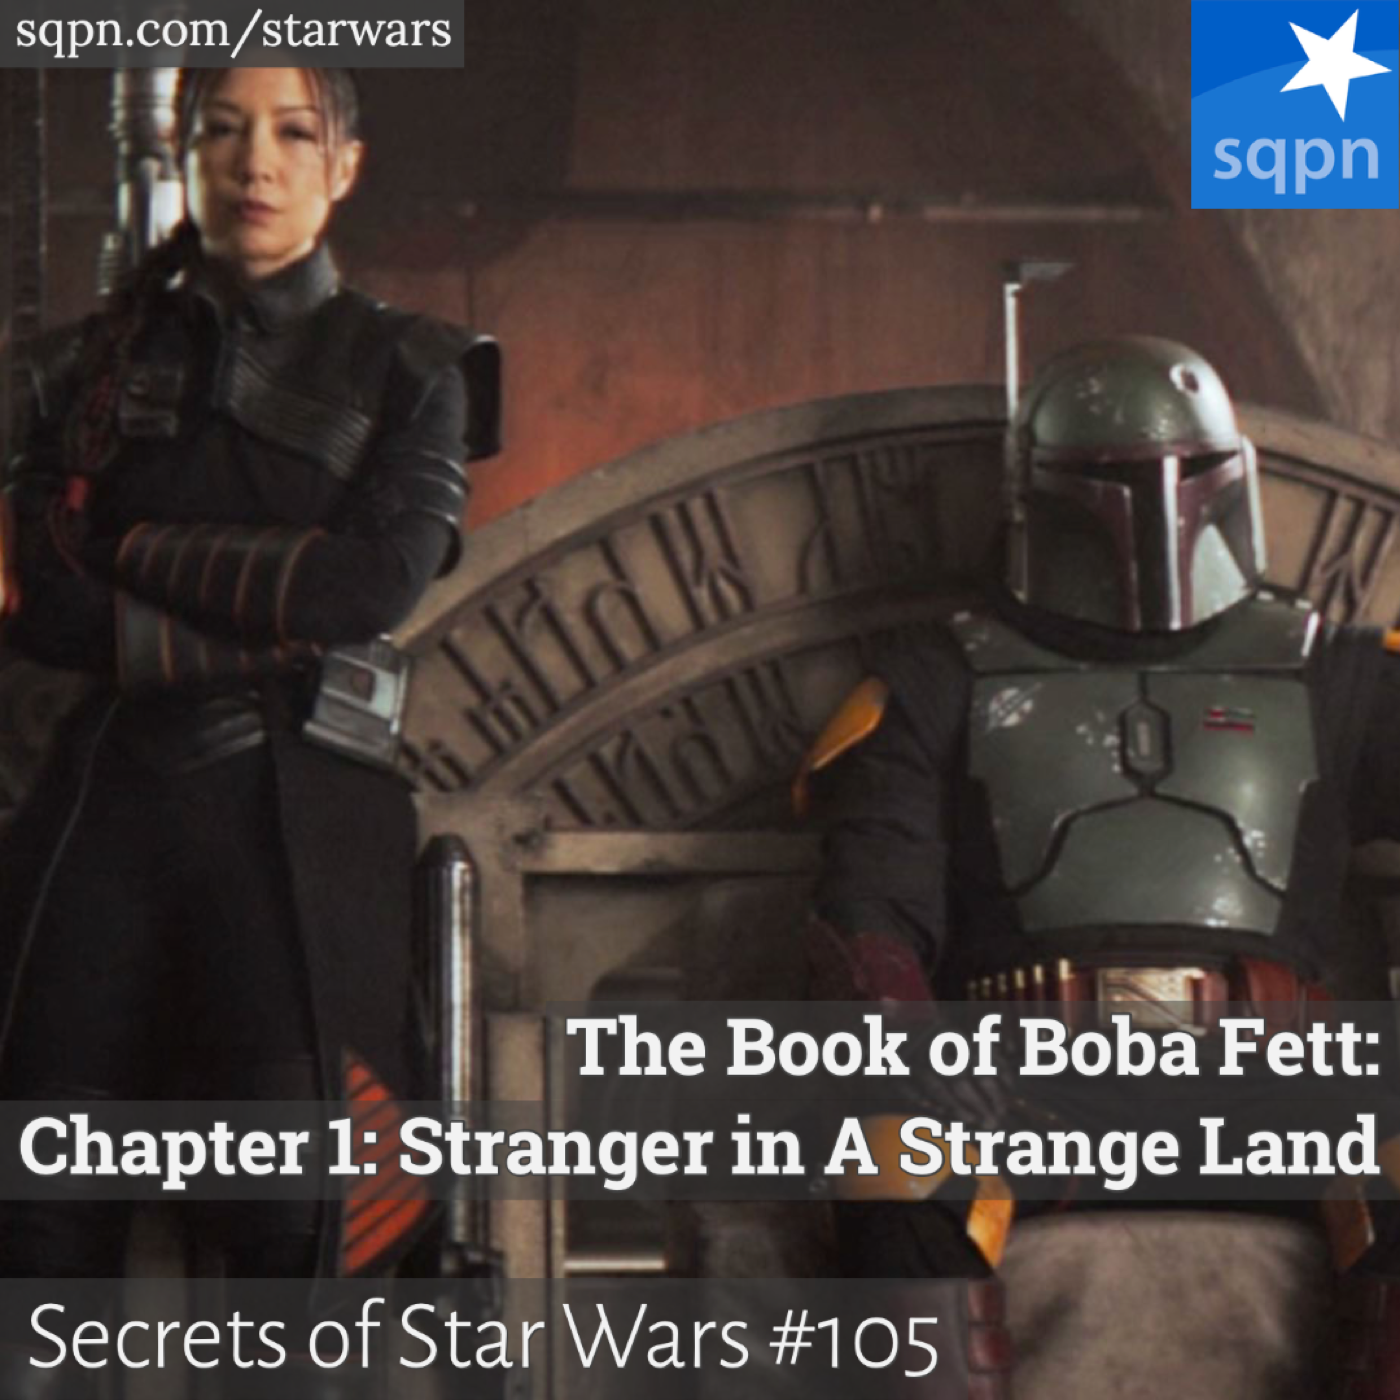 The Book of Boba Fett: Chapter 1: Stranger in A Strange Land
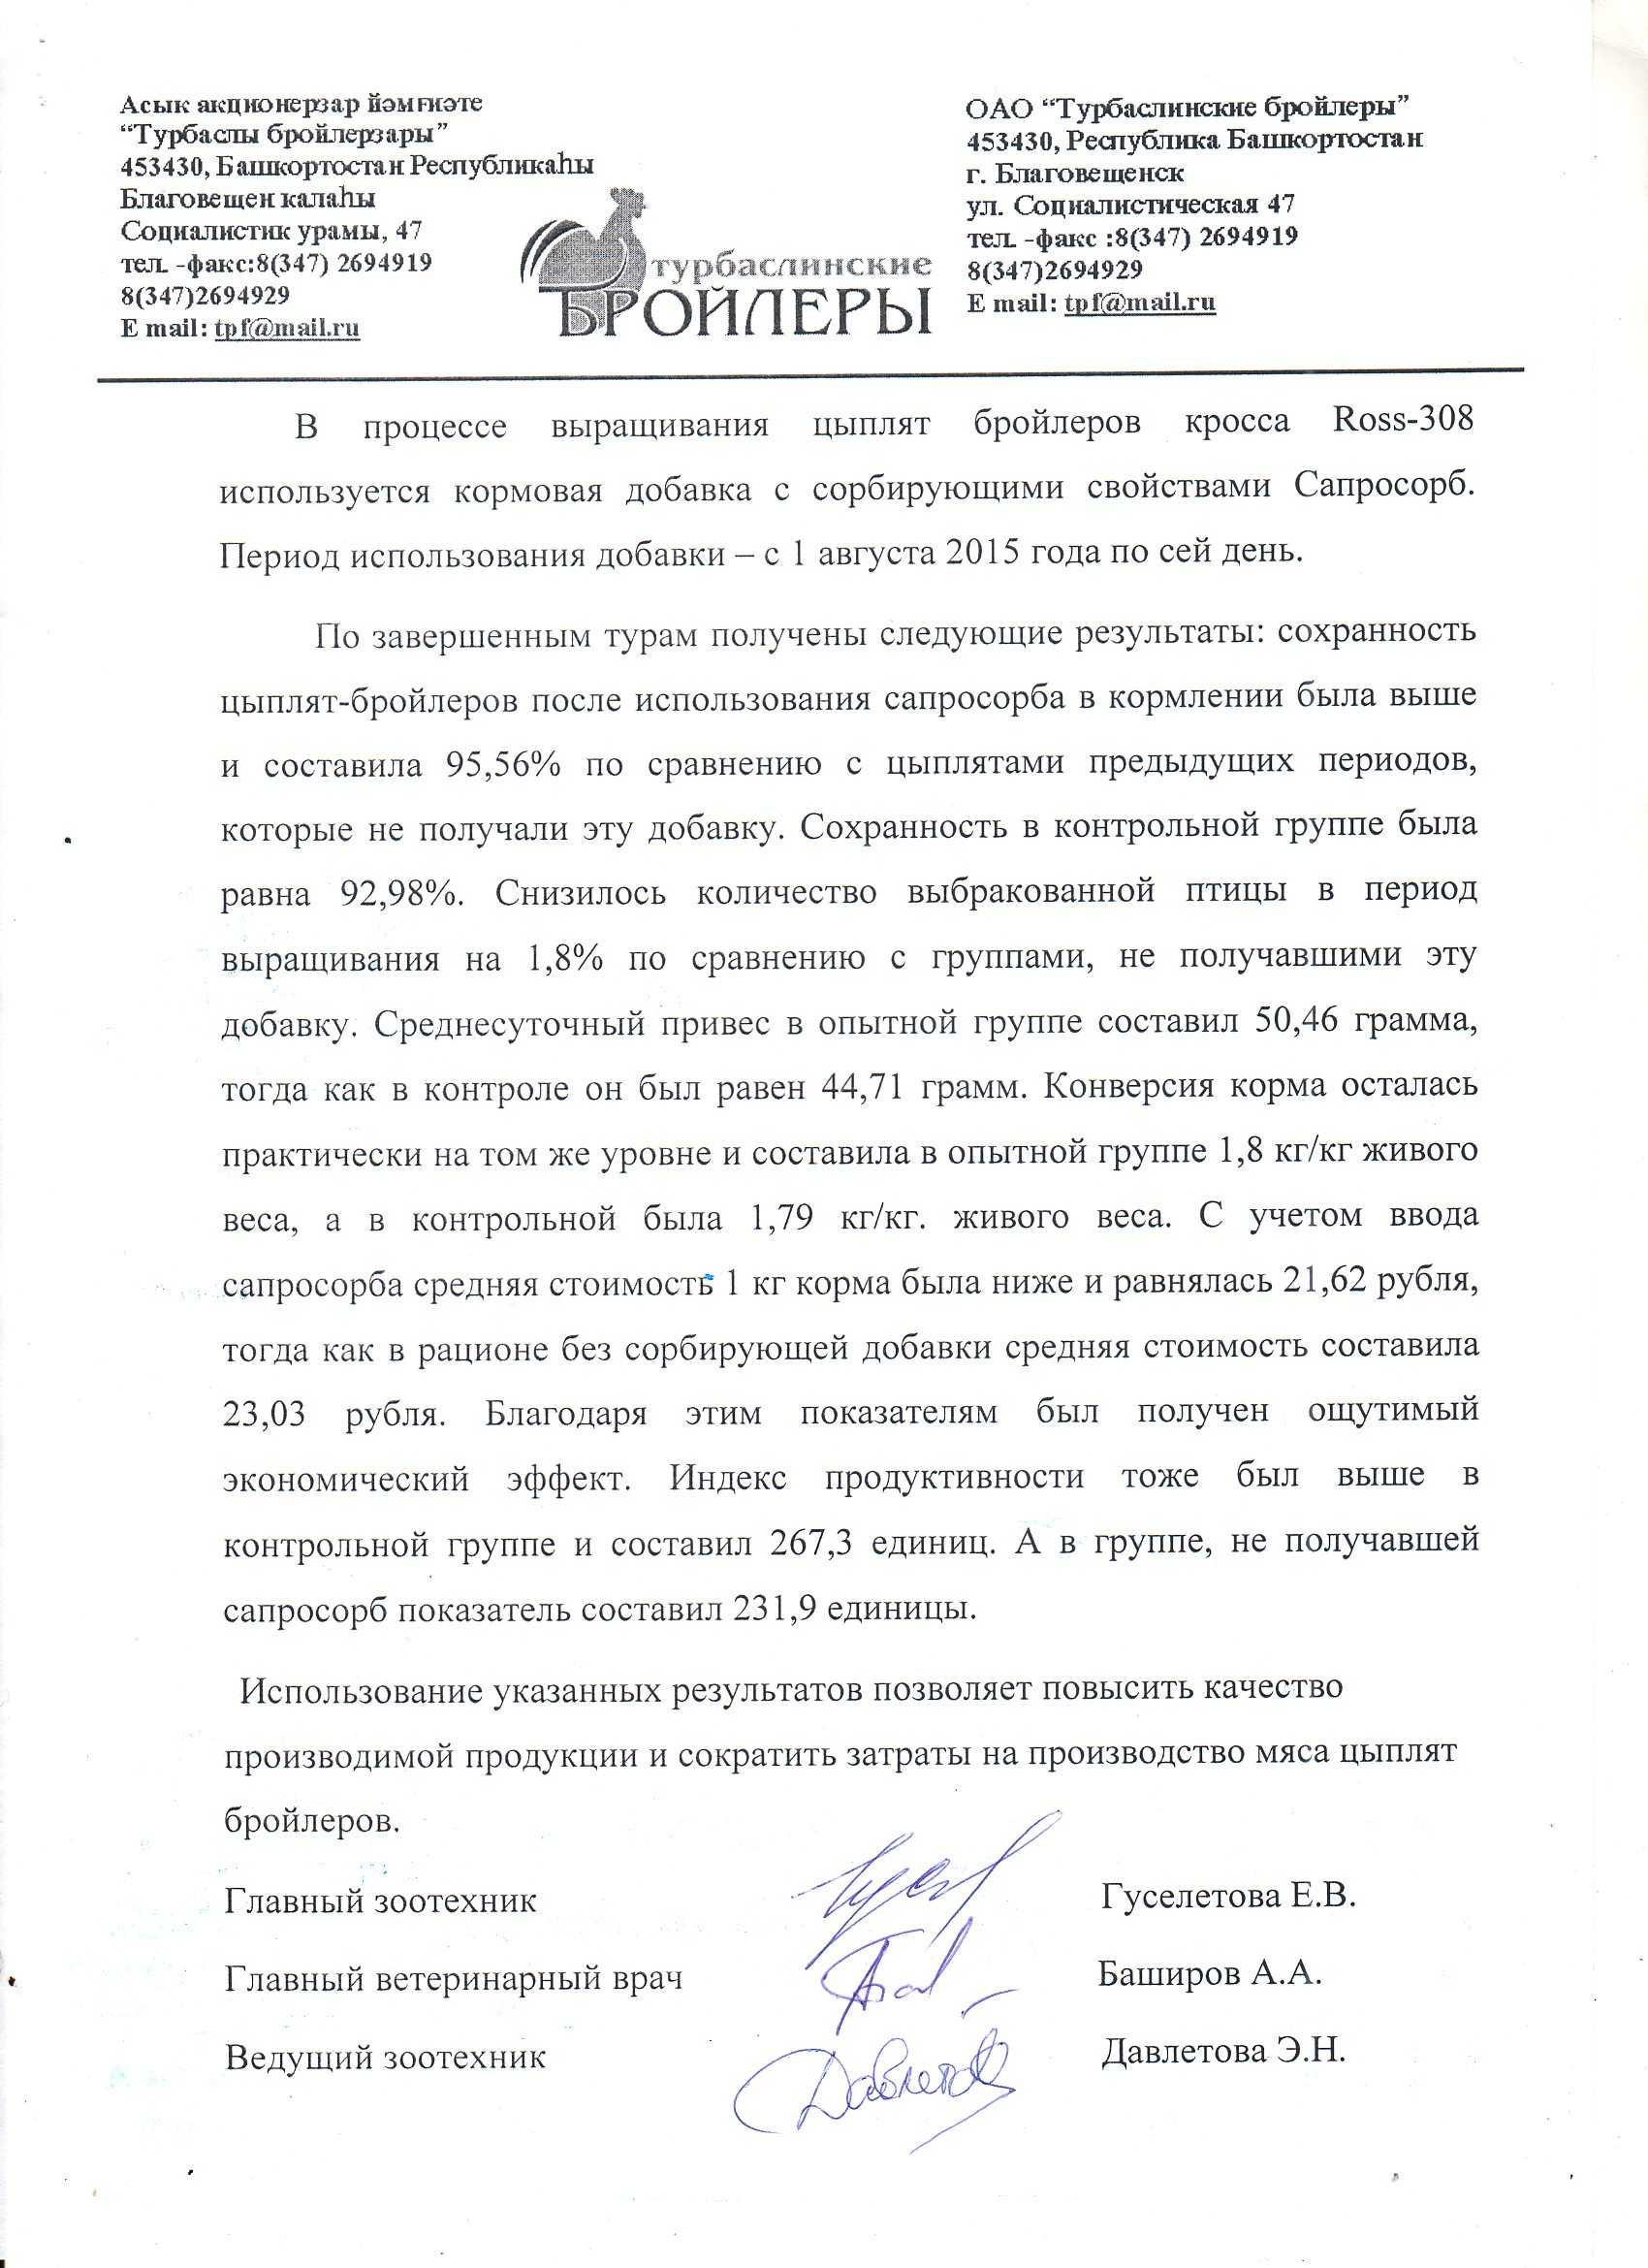 Акт о внедрении докторской диссертационной работы Коломийца Сергея Николаевича
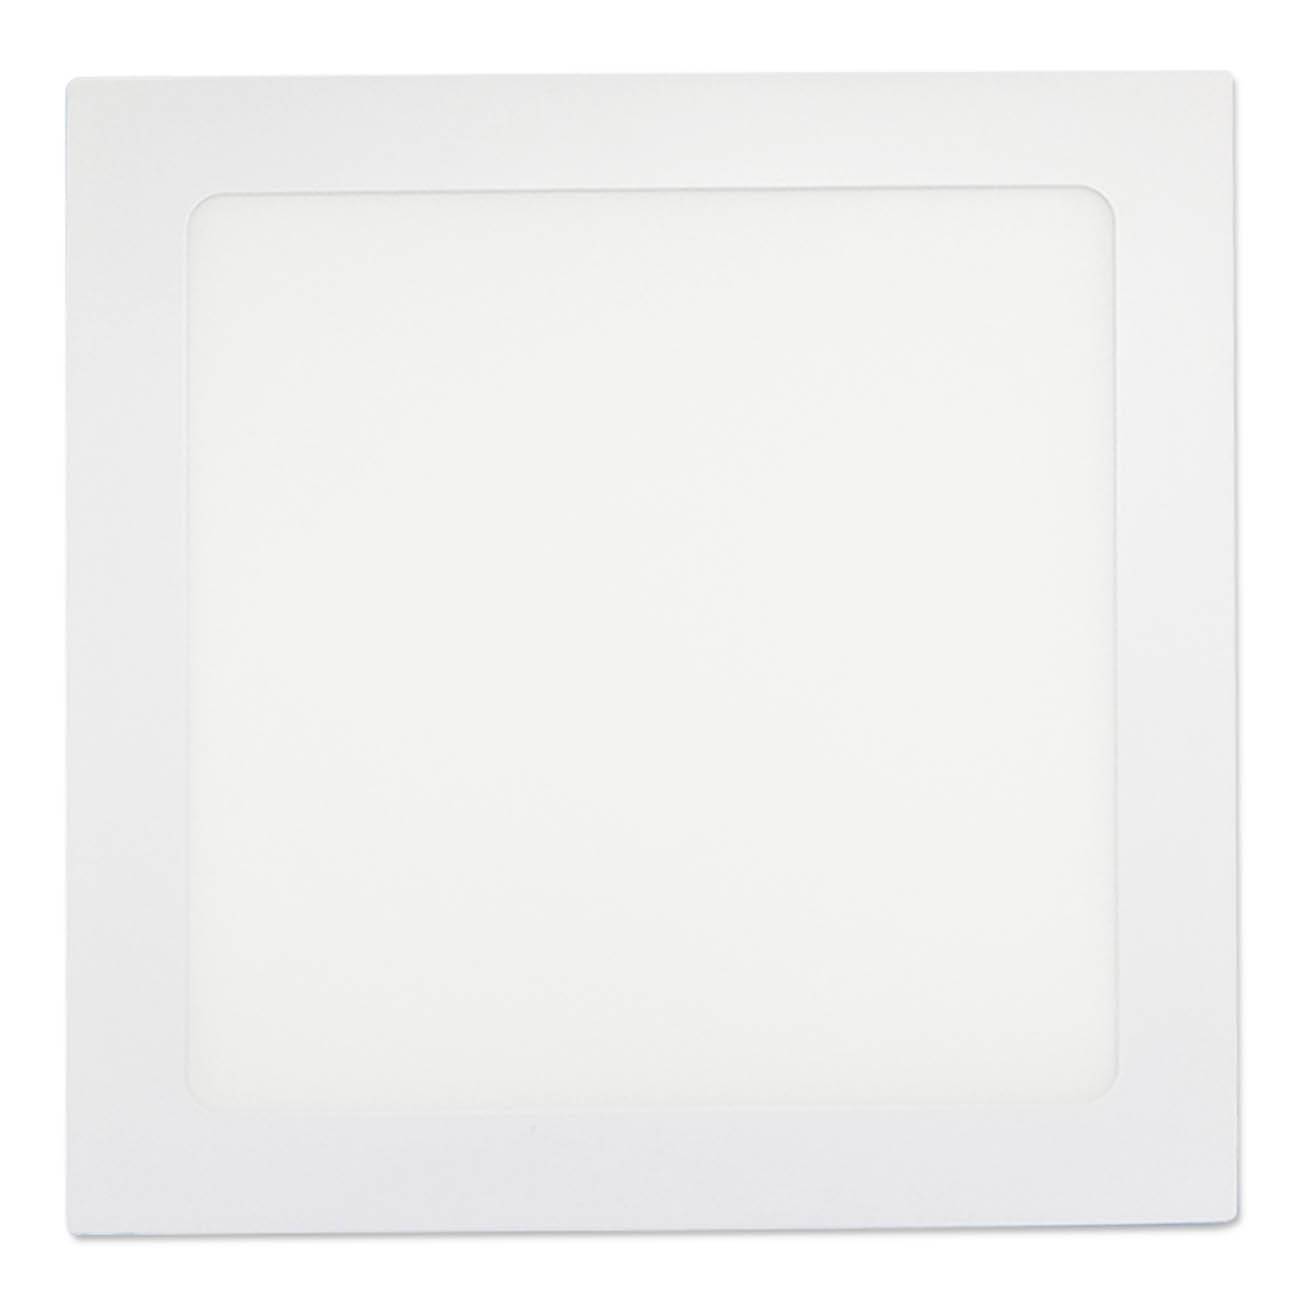 Luminária Plafon Led Embutir Slim Quadrado 18w Branco Frio

**Exercise directions:** The material above must be set down word for word, with no picture carried over.

**Solution to this problem:**
 The Book of Boba Fett: Chapter 1: Stranger in A Strange Land
 Акт о внедрении докторской диссертационной работы Коломийца Сергея Николаевича
 Luminária Plafon Led Embutir Slim Quadrado 18w Branco Frio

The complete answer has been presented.